The holidays are a time of year when you take a step back from the day-to-day and think about the big picture.
For enterprise executives, those thoughts should be swirling around the future of the data environment. At one time, data infrastructure was a fixed, known quantity, but those days are quickly coming to an end. In a virtual, distributed and largely automated future, organizations will be forced to reevaluate their data footing, and many may realize that owning those resources outright is no longer in the best interests of the enterprise.
At the very least, the data resources that do remain under the firm control of the enterprise will be configured along radically different lines than today’s rigid architectures. Emerson Network Power has identified four archetype data centers that will more effectively address emerging Big Data, cloud computing, IoT and other challenges. These include the Data Fortress, in which security is implemented as a founding principle, the “Cloud of Many Drops,” in which excess resources can be allocated on a shared service model, the Fog Computing architecture that places processing and intelligence on the edge, and the Compliant Data Center that stresses energy efficiency and carbon neutrality. All of these models will center on improved productivity, cost efficiency and increased agility.
But as cloud computing and IT outsourcing evolve, will we get to the point at which the data center – at least the monstrous collection of servers and storage that we know today – will cease to provide a justifiable value proposition? It may very well come to this eventually, says Romonet CEO Zahl Limbuwala. Once organizations start to realize the costs of maintaining both cloud and in-house infrastructure, the pressure will be on to provision the lower-cost solution, which will lead to even less utilization of local resources and thus a further erosion of its value. It’s kind of like owning a house while renting an apartment in order to keep the house half empty.
Once the enterprise comes to realize the true cost disparity between traditional data centers and the cloud, it will be very difficult to justify the data center for all but the most critical workloads – and even then, these will be supported on streamlined, modular systems that utilize only a fraction of the space and power currently reserved for data infrastructure.
No matter where data resides, users will likely shun it unless it fulfills their increasingly strict availability, quality of service and performance expectations, says IBM’s Avrilia Floratou, and that means today’s data architecture has to shape up if it’s to play a role in the new data economy. These characteristics are best delivered on new infrastructure as opposed to legacy retrofits, however, and this has caused many organizations to pursue all-software architectures sitting on commodity hardware. But there is still some question as to whether this approach misses out on the opportunity for hardware and software to work together in support of key workloads.
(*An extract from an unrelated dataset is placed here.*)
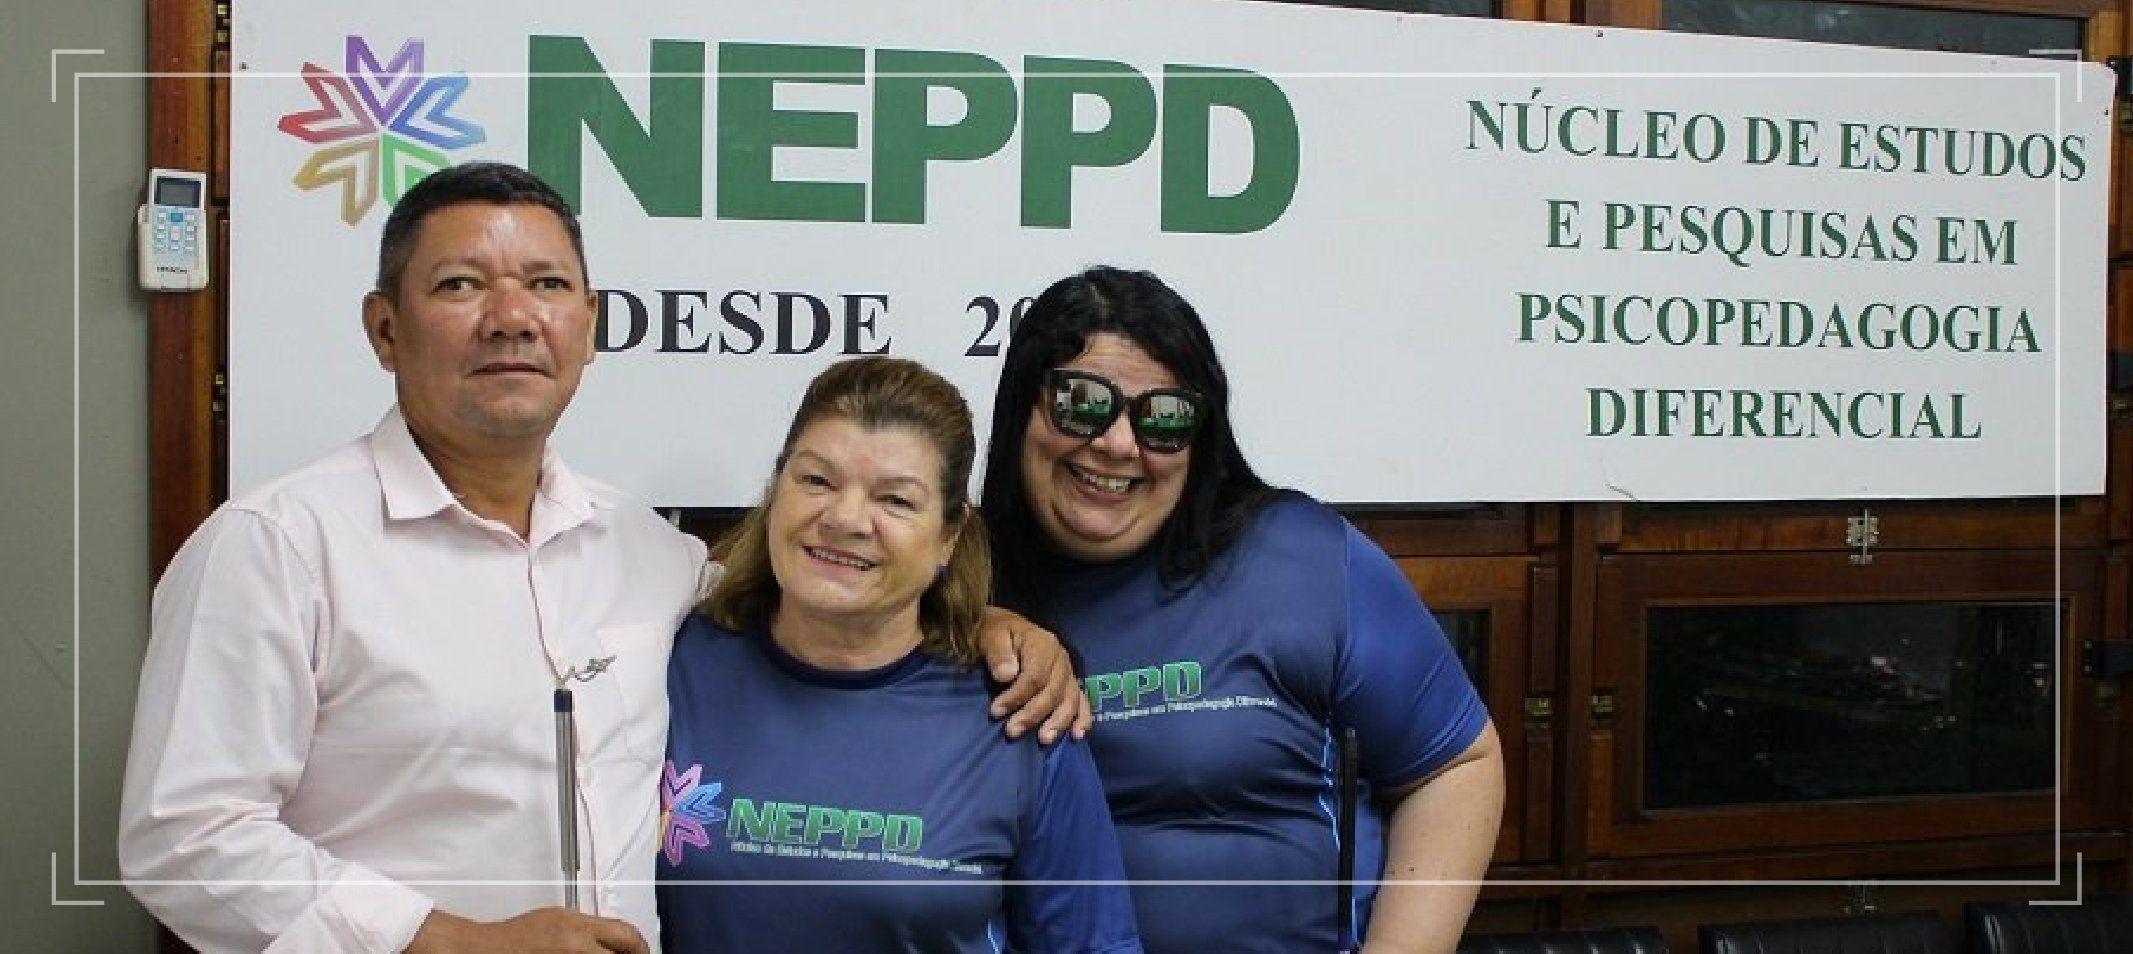 Dois primeiros doutorandos em Educação cegos defendem teses nos dias 11 e 12 de dezembro

The best solution just might be an integrated approach, which is becoming increasingly easy to model using advanced simulation and analytics techniques. In this way, enterprise executives can take a highly systematic approach to infrastructure deployment, testing the behavioral characteristics of a wide array of solutions against an equally wide array of workloads and operating conditions, and then deploying whatever works best.
No matter what happens, the bulky data infrastructure of today is not long for this earth. Even the hyperscale infrastructure of Amazon and Google will be models of efficiency considering the volumes of data they handle. And whether resources reside in the next room or across the country, they will still function as an integrated, cloud-based data ecosystem.
The new data environment, therefore, could very well be wherever, whenever and whatever you need it to be.